Instructions for the task - Starting at the line below that contains "Nearest transport service Kusmi to Nagaland" and ending at the line that contains "Styrelsens ansatte vil", retype each line exactly as it stands, but omit the pictures.

Data shown -
________
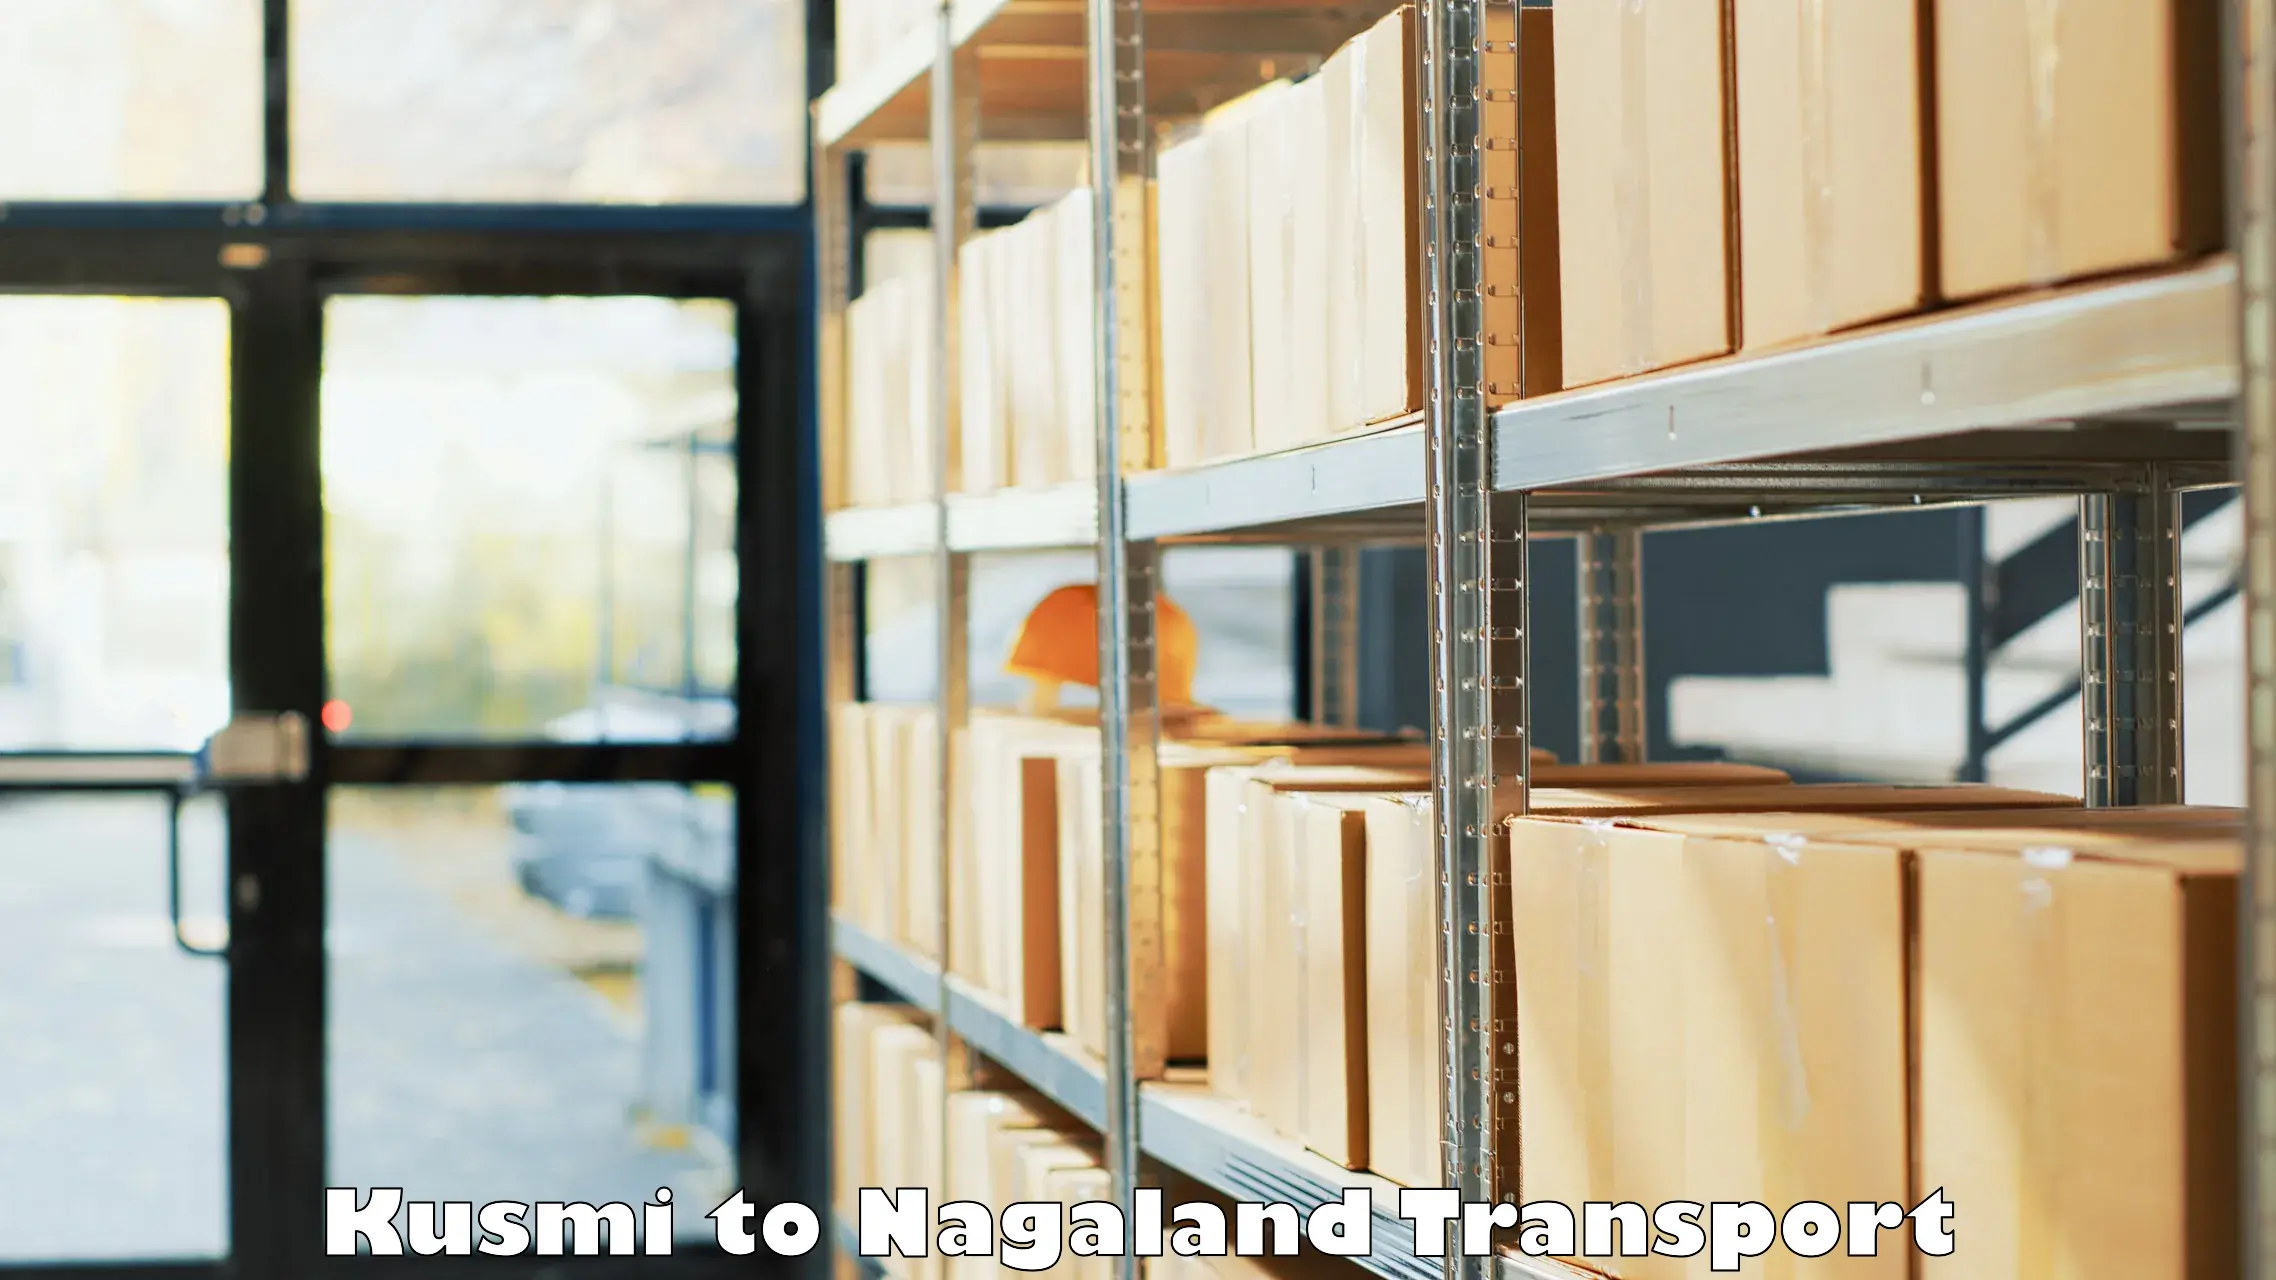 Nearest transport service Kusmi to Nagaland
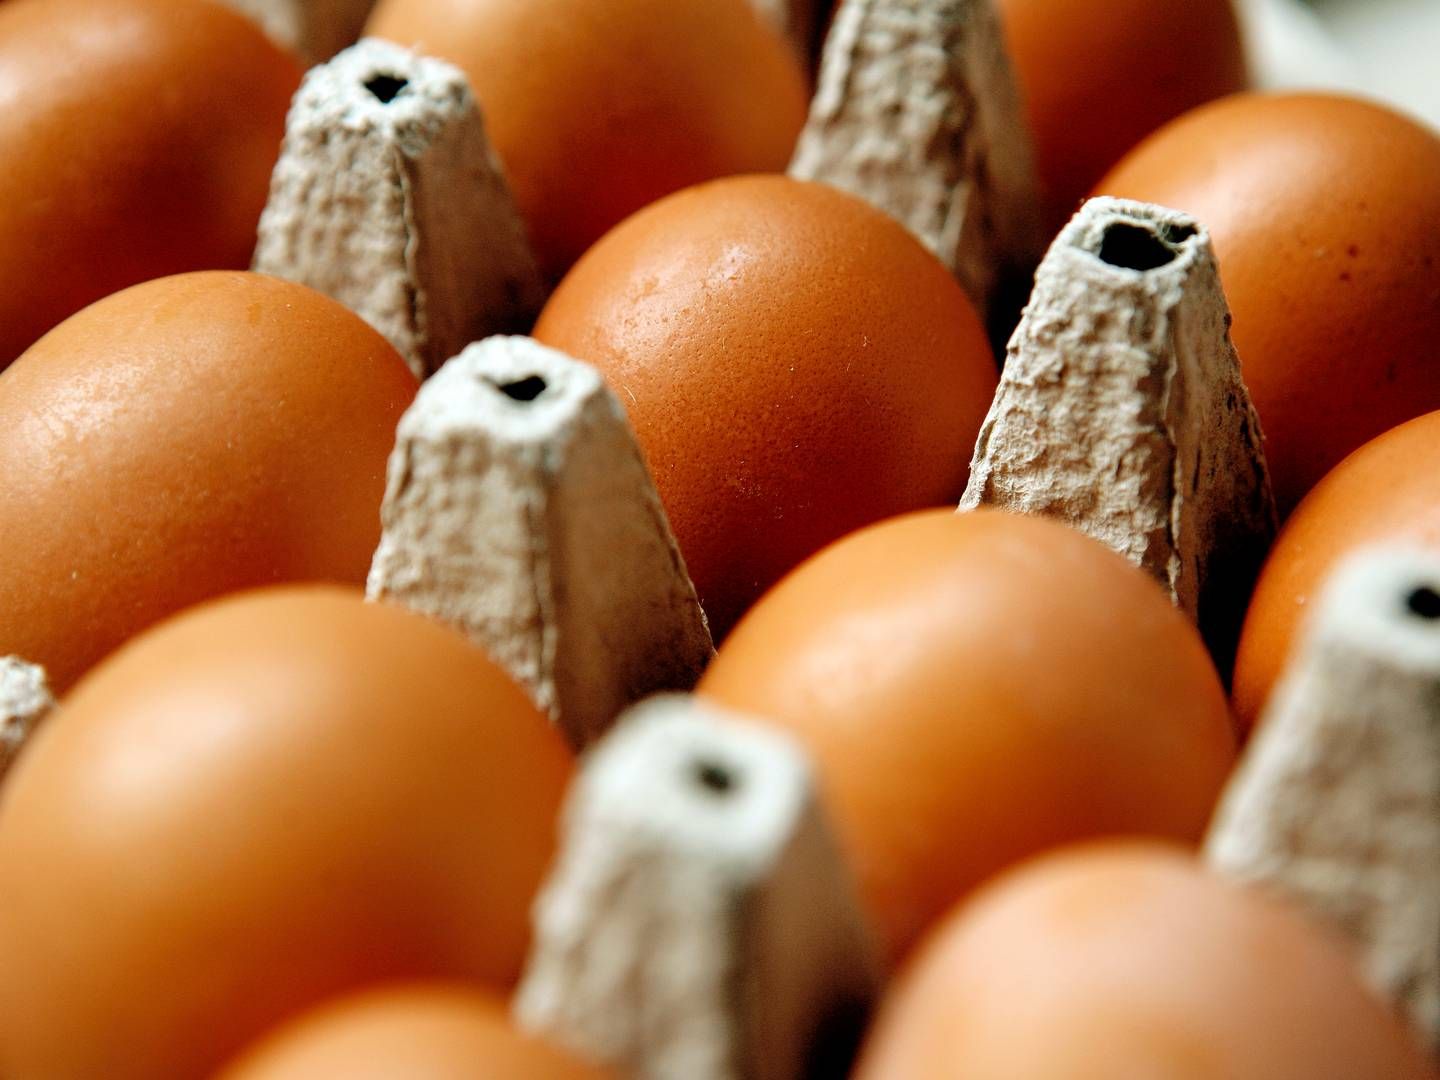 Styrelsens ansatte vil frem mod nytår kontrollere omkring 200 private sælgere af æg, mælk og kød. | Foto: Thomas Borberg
________
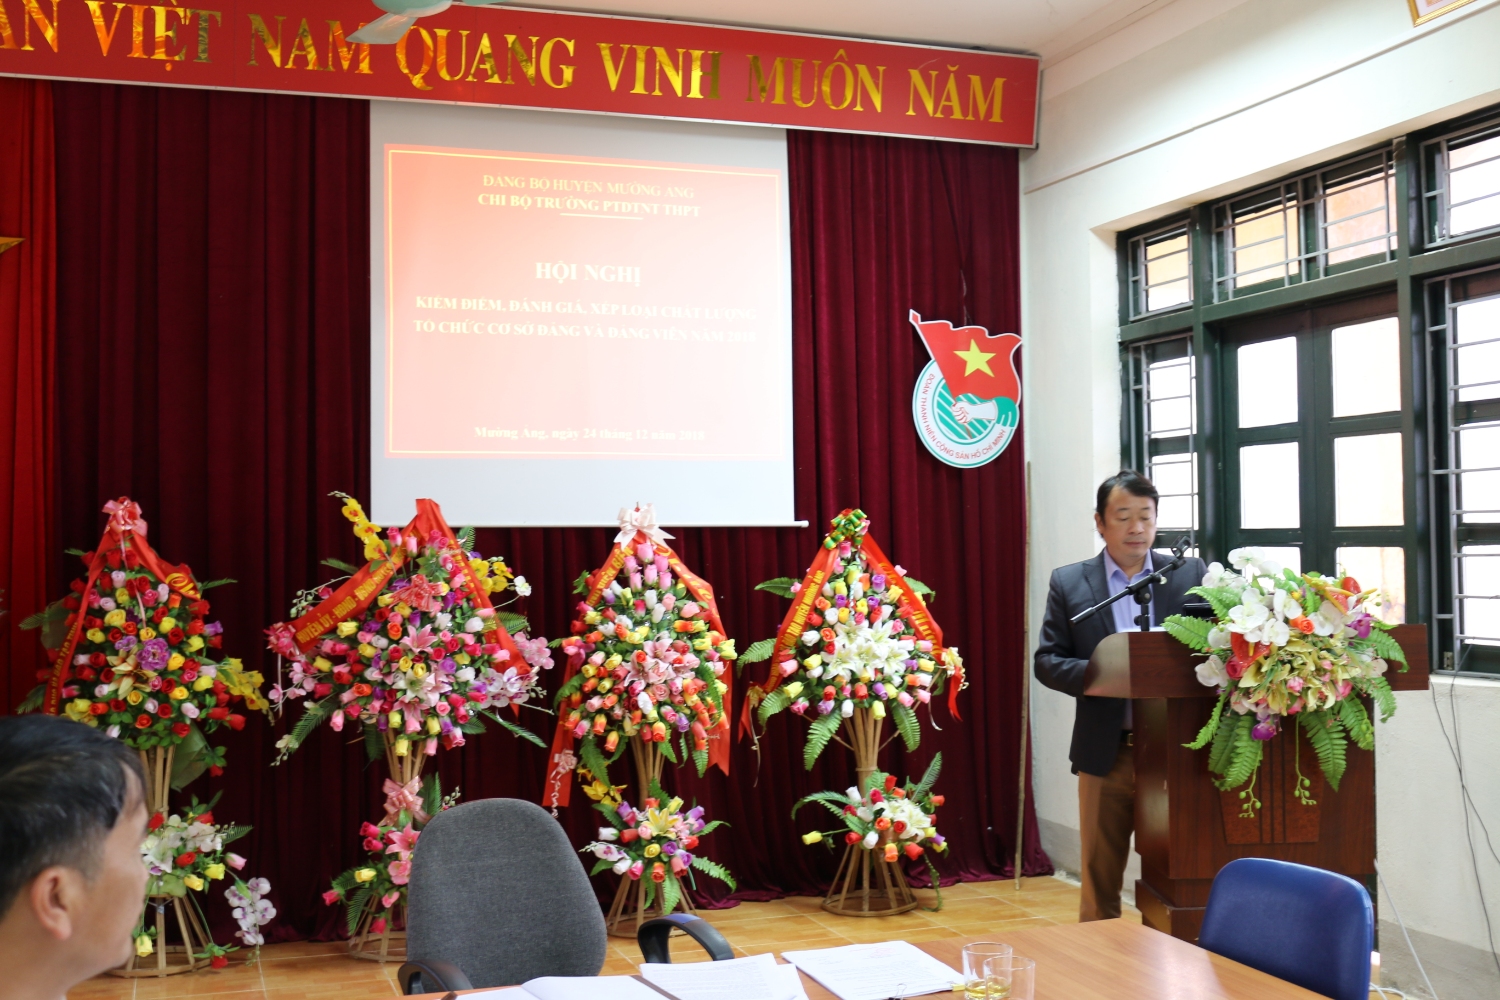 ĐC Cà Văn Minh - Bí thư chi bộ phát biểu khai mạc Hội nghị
________
Response area -
 Nearest transport service Kusmi to Nagaland
 Styrelsens ansatte vil frem mod nytår kontrollere omkring 200 private sælgere af æg, mælk og kød. | Foto: Thomas Borberg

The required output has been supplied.